Таня замолчала, опуская взгляд на бутылку воды, стоящую рядом с небольшим микрофоном, установленным на столе. Она почувствовала себя неловко за то, что так растянула ответ на вопрос, на который Громов ответил намного короче. Однако зал неожиданно разразился аплодисментами, заставляя Таню округлить глаза от удивления.
– Впечатляюще, – шепотом подметил Громов, наклонившись к её плечу. – Будешь моим пресс-секретарем?
* * *
Татьяна и Евгений стояли на верхней ступени пьедестала, облаченные в парадный комплект олимпийской формы. Представители Международного Олимпийского Комитета надели на их шеи медали, а затем пожали руки, поздравляя с заслуженной победой. Громов, стоящий за своей партнершей, по привычке приобнял её за талию. Это дало Тане мнимую надежду на то, что между ними ещё можно всё наладить. Но Евгений об этом не думал. Он просто вспомнил слова Арсения о новом партнере Тани в следующем сезоне.
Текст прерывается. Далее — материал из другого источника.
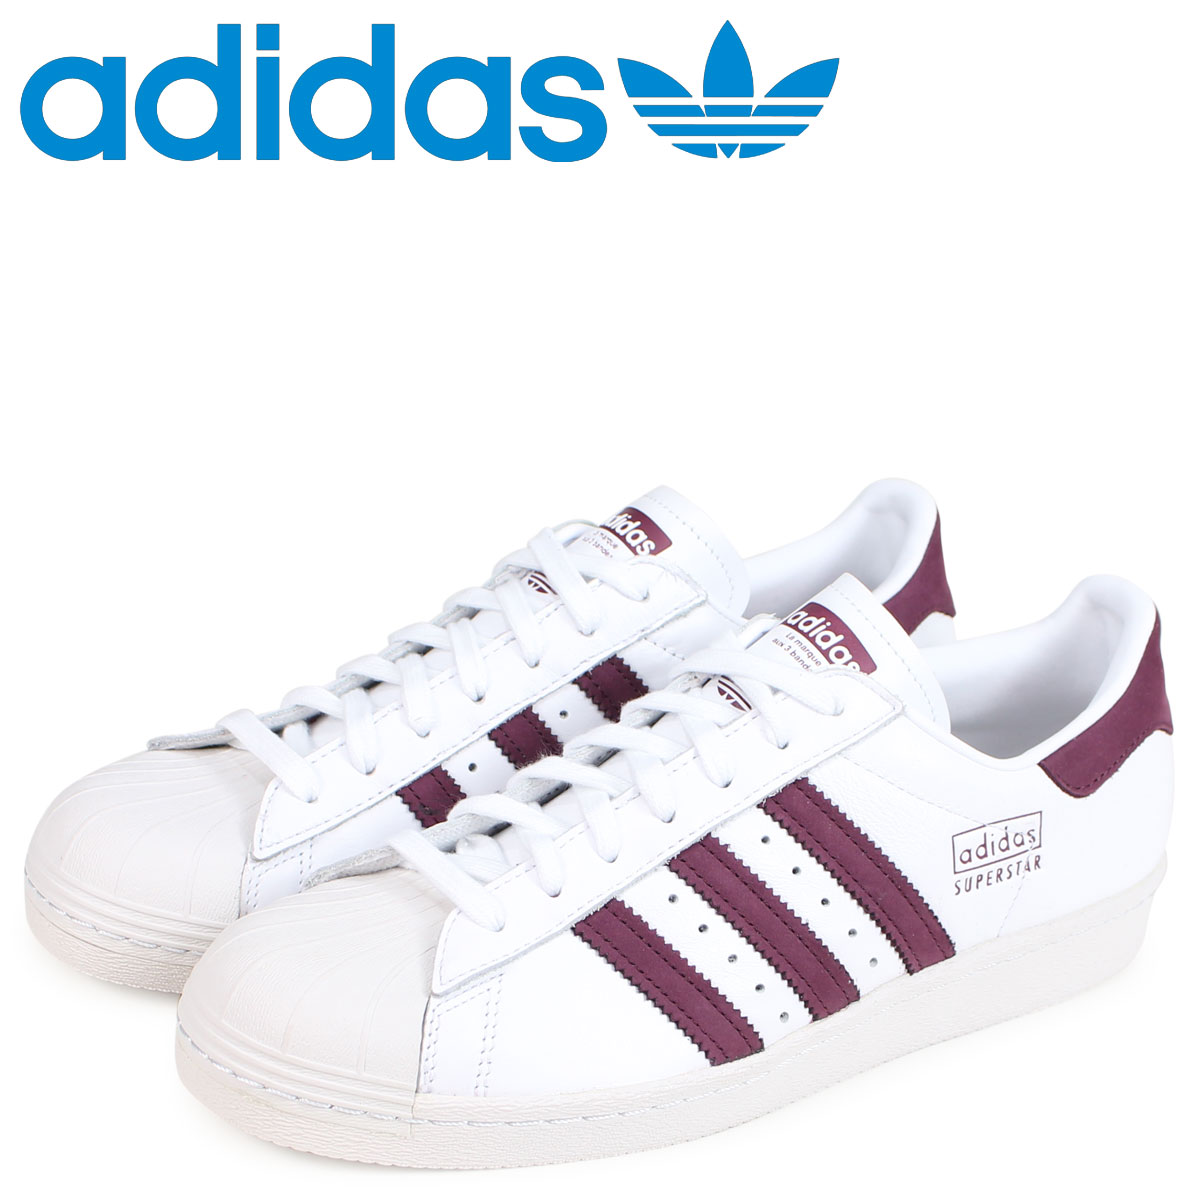 adidas superstar 80s singapore

Над площадью раздались первые ноты гимна Российской Федерации. Татьяна и Евгений слушали его, смотря в ночное небо Ванкувера. Они не замечали тяжелых золотых медалей и тысяч болельщиков, собравшихся в их честь, не замечали серебряных и бронзовых призеров, стоящих возле них. Они ушли глубоко в себя, переставая даже слышать гимн. Партнеры не понимали, почему сейчас эта победа, что в мечтах была такой сладкой, на деле не приносила почти никакой радости. Почему внутри такая пустота? Такая же огромная и темная, как небо олимпийского Ванкувера.
* * *
В автобусе, что вёз чемпионов и призеров в парном фигурном катании в олимпийскую деревню, Таня села рядом с Ксенией. Олимпийская чемпионка держала золотую медаль в своих ладонях, но смотрела будто сквозь неё. Одиночница забрала награду себе, с любопытством и трепетом разглядывая.
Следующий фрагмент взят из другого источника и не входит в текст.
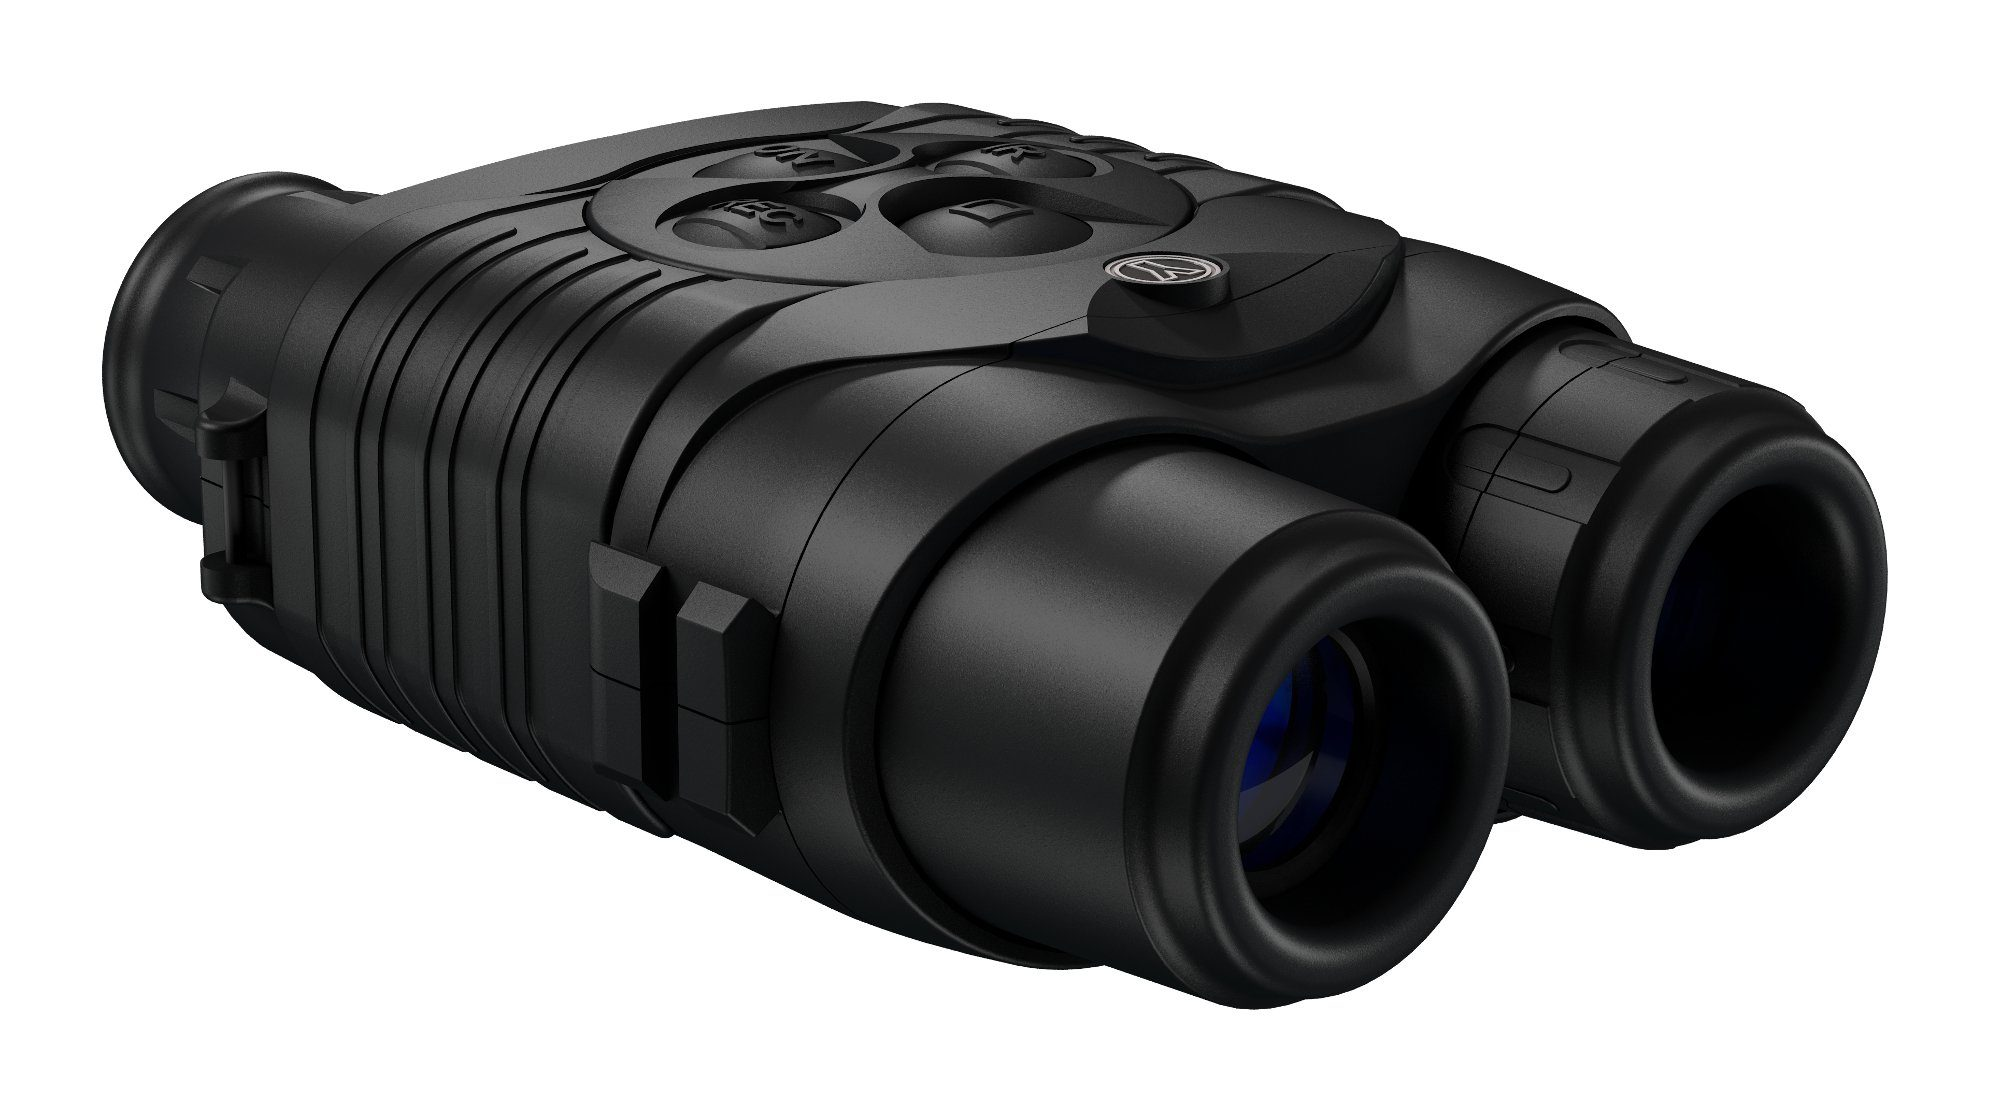 Yukon Nachtsichtgerät »Signal N320 RT 4.5x28 Digital mono«

– Татьяна, – с нарочитой серьезностью обратилась она к своей подруге, изображая из себя журналистку, – скажите, что было приятнее – первая золотая медаль Олимпийских игр или первый поцелуй с Евгением Громовым?
– Это не первый поцелуй, – заторможено отвечала Таня, смотря на ладони.
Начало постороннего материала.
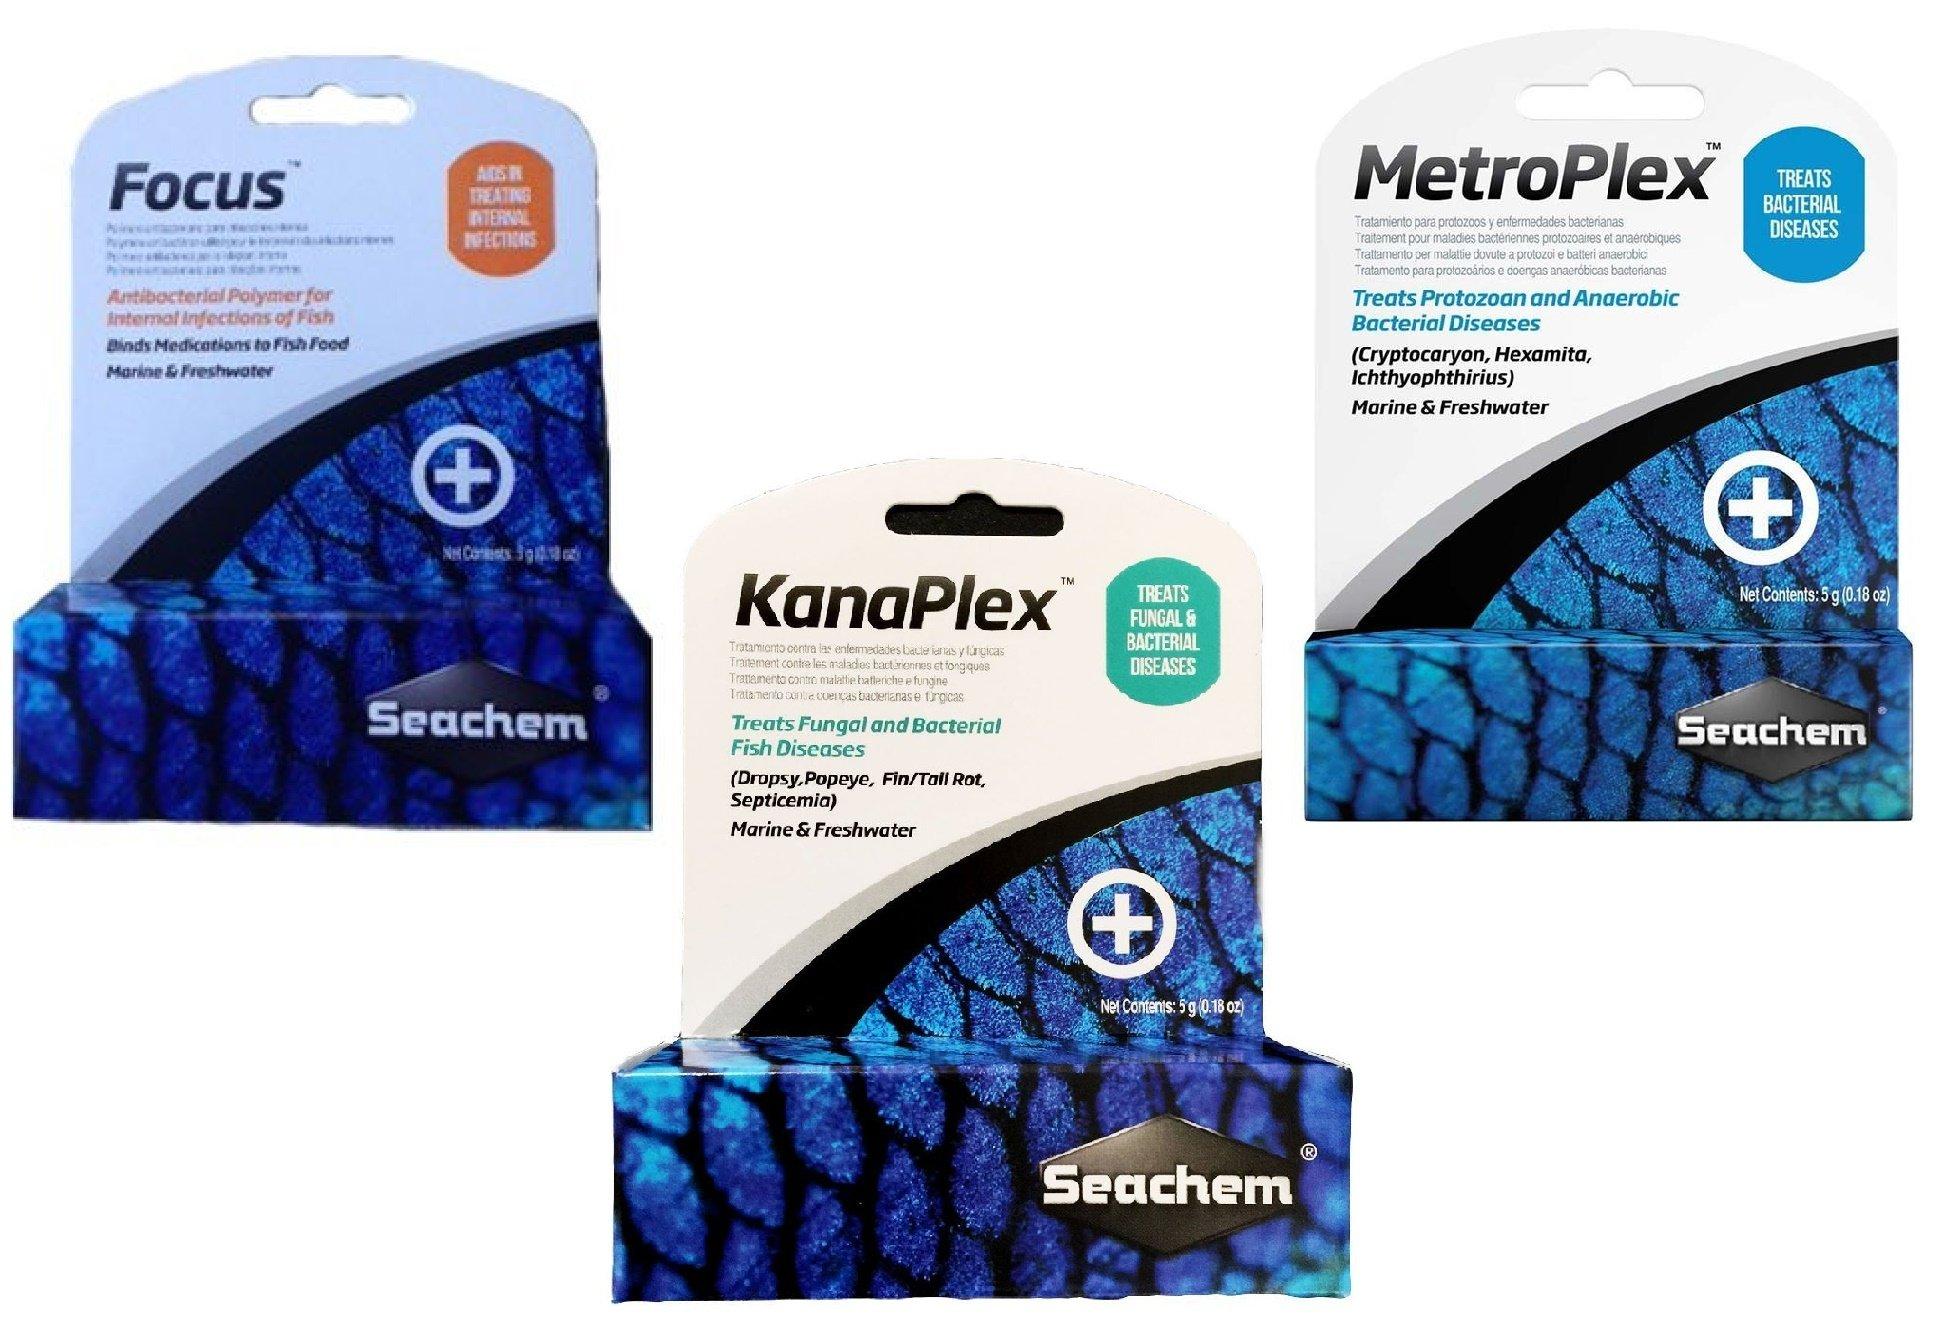 Seachem 3 Piece Treatment Kit, 1-Focus, 1-Metroplex, and 1-Kanaplex (5 Grams Each) by Seachem

Глаза Ксении округлились, и она сразу же завалила подругу десятком вопросов, отвечать на которые у Татьяны не было ни сил, ни желания.
Когда олимпийских чемпионов поздравили все члены сборной, поджидавшие в холле, а Татьяну и вовсе пару раз успели подкинуть в воздух хоккеисты, заставляя Громова напрячься, партнеры смогли отправиться в свои номера. Они жили на одном этаже, в соседних комнатах, а потому в лифте оказались вдвоем. Евгений прислонился спиной к одной металлической стенке, Таня – к противоположной. Несколько секунд они стояли напротив, сверля друг друга испытывающими взглядами. Слишком много всего было между ними. Умалчивание про завершение карьеры, ложь о головокружении вместо правды о болях в плече… И победа, несмотря на то что была главной спортивной победой в их жизни, никак не смягчала произошедшее.
– Не стоило этого делать… – вдруг неловко произнесла Таня, желая чем-то заполнить неудобную тишину. Последние несколько часов их неустанно сопровождал оглушительный гомон и теперь, впервые оставшись наедине друг с другом в статусе олимпийских чемпионов, безмолвие казалось неуютным и давящим. От него буквально хотелось бежать прочь.
Громов нахмурился, будто ещё раз прокручивая услышанное. Он ответил на огромное количество вопросов, услышал сотни поздравлений и теперь, после убийственного дня, любая фраза, казалось, требовала дополнительного времени на размышление.
– Что? – не понял он, поглядывая на партнершу из-под прищуренных век. – Не стоило побеждать?
Таня едва качнула головой, насколько позволяли оставшиеся силы, не удивляясь тому, что Евгений понял по-своему. Снова.
– Целовать меня после… На льду, – не без труда уточнила она, поднимая глаза.
Громов усмехнулся и будто даже стал бодрее.
– Это традиция. Это нормально, – пожал плечами он, не переставая улыбаться.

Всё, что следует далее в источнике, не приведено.